LePage’s tax proposals prompt local discussion

Maine’s notoriously bold governor has recently proposed a tax policy that would directly influence Colby’s tax burden in the future. LePage believes that nonprofit organizations should bear more of a tax burden in Maine, characterizing non-profits as often being more of “takers than givers”.

Along with the proposed increase in taxes to larger nonprofits, LePage looks to rely more heavily on hiked up sales taxes. If these taxes don’t curb demand for Maine’s tourist attractions over warmer months, the state could see higher government returns from the state’s strong tourism industry—an approach that would be well received across the political spectrum.

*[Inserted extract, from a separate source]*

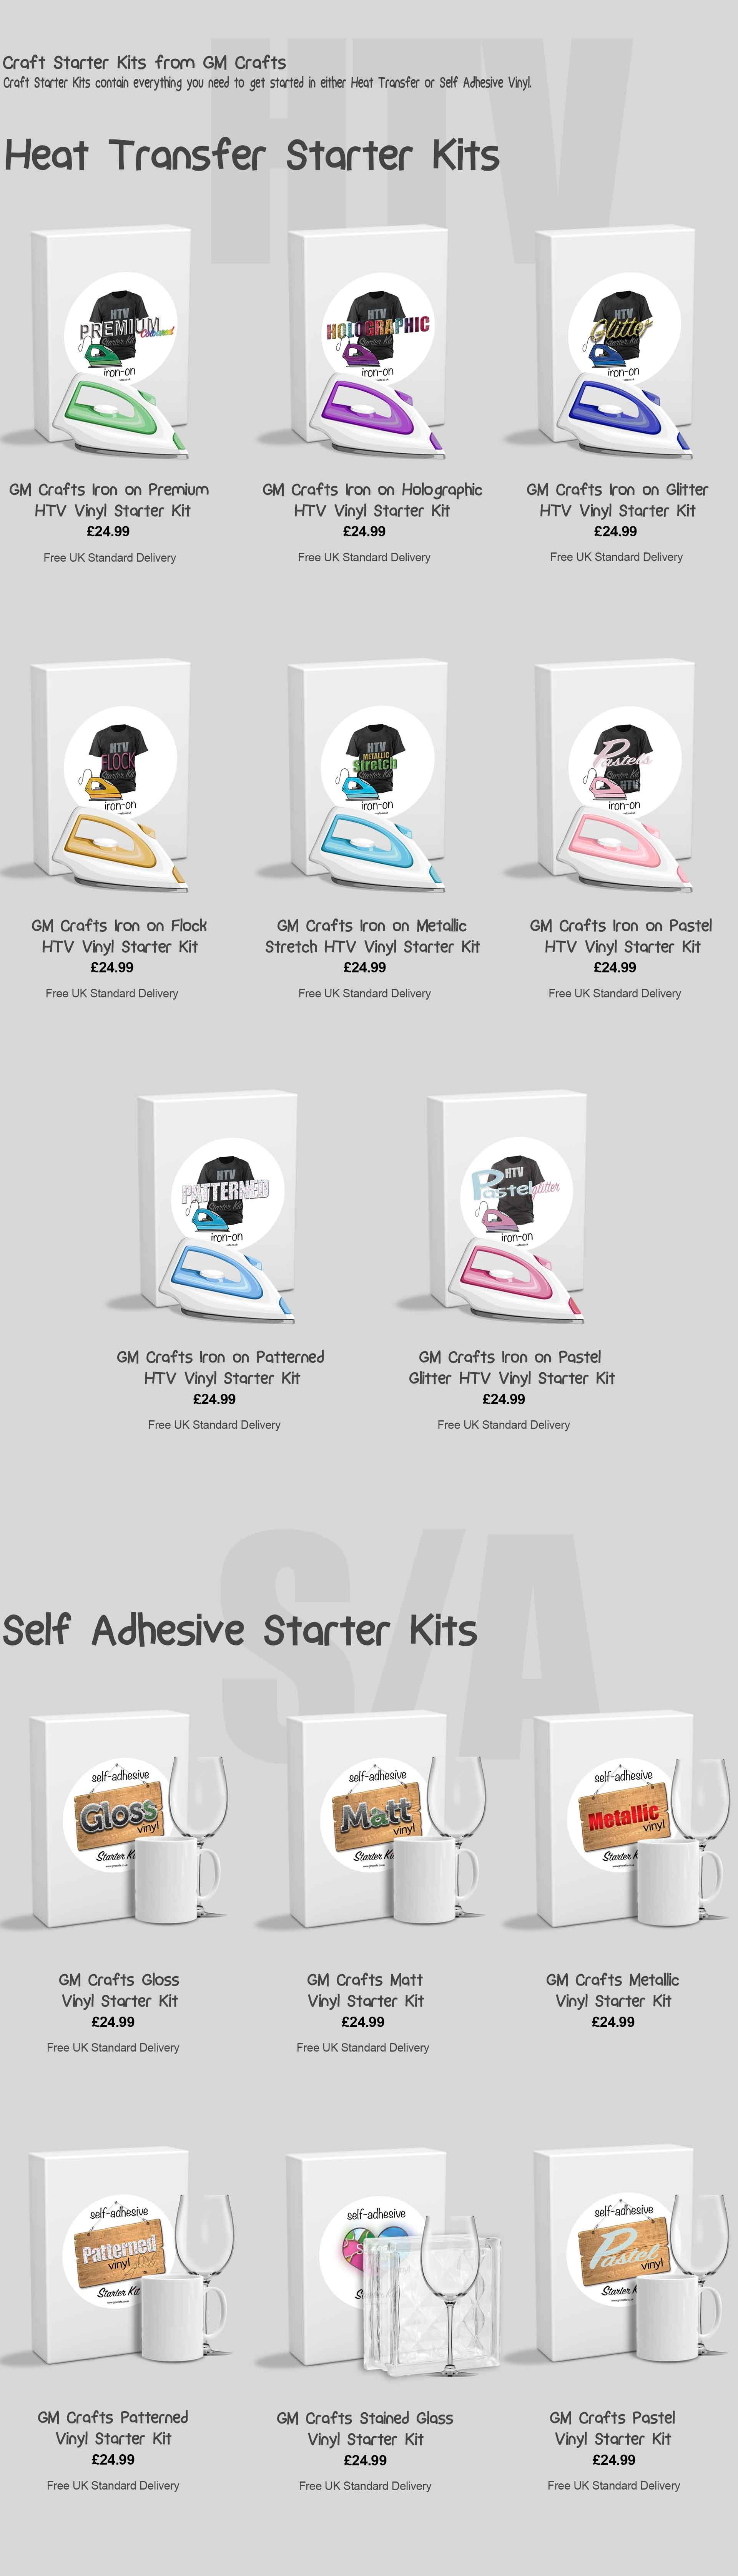 Desktop-Starter-Kits-Page-May-2019
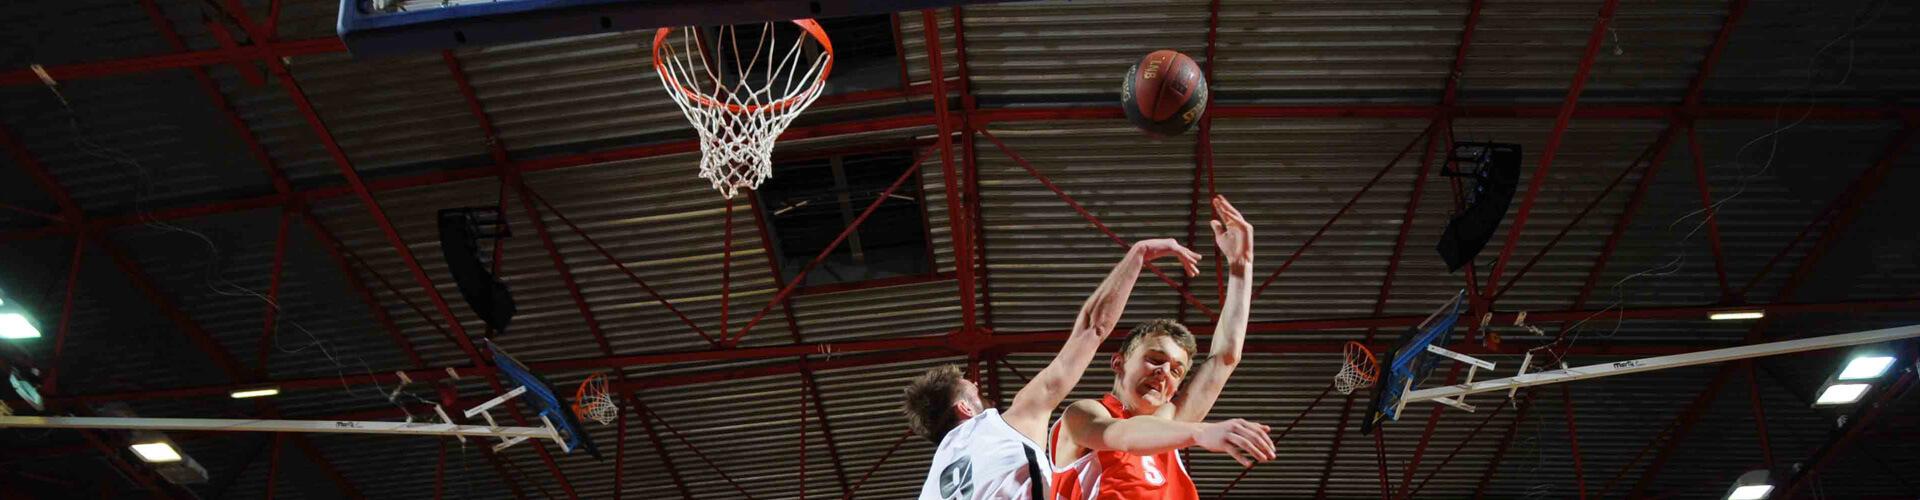 cholet-mondial-basketball-jeune-france-cholet

Main residents are concerned that LePage’s efforts will attract big business and a wealthier demographic to the state. Income tax cuts would boost Maine to a more competitive position to build businesses, but on a short term scale, increasing sales tax could negatively impact tourism related sales, as well the large population of low-income families and communities within the state.

Negotiations with democrats will only occur if LePage is willing to budge towards a plan that promotes short term relief for low and middle income Mainers. In addition, they expect a gradual transition into possible taxation of nonprofits following comprehensive evaluation of the positive effects of income tax cuts on Maine’s businesses and economy.

Tax policy has notoriously moved at a snail’s pace due to complexity and rivaling views, and in this case perhaps slow movement is the key to success. For the policy to pass, democrats require revisions, whether that means regionalizing some tax structures and benefits, or neglecting the idea of non-profit taxation. Maine is scattered with non-profits, which will mean some communities would see no benefits from the new proposal’s implementation. Some towns like Millinocket, the economy of which relies on large non-profit employers like the Millinocket Regional Hospital, will surely see tangible losses in jobs and economic activity.

LePage has already gained national attention for his proposal and is likely to see a huge pushback from the possibility of this policy leaking into other states.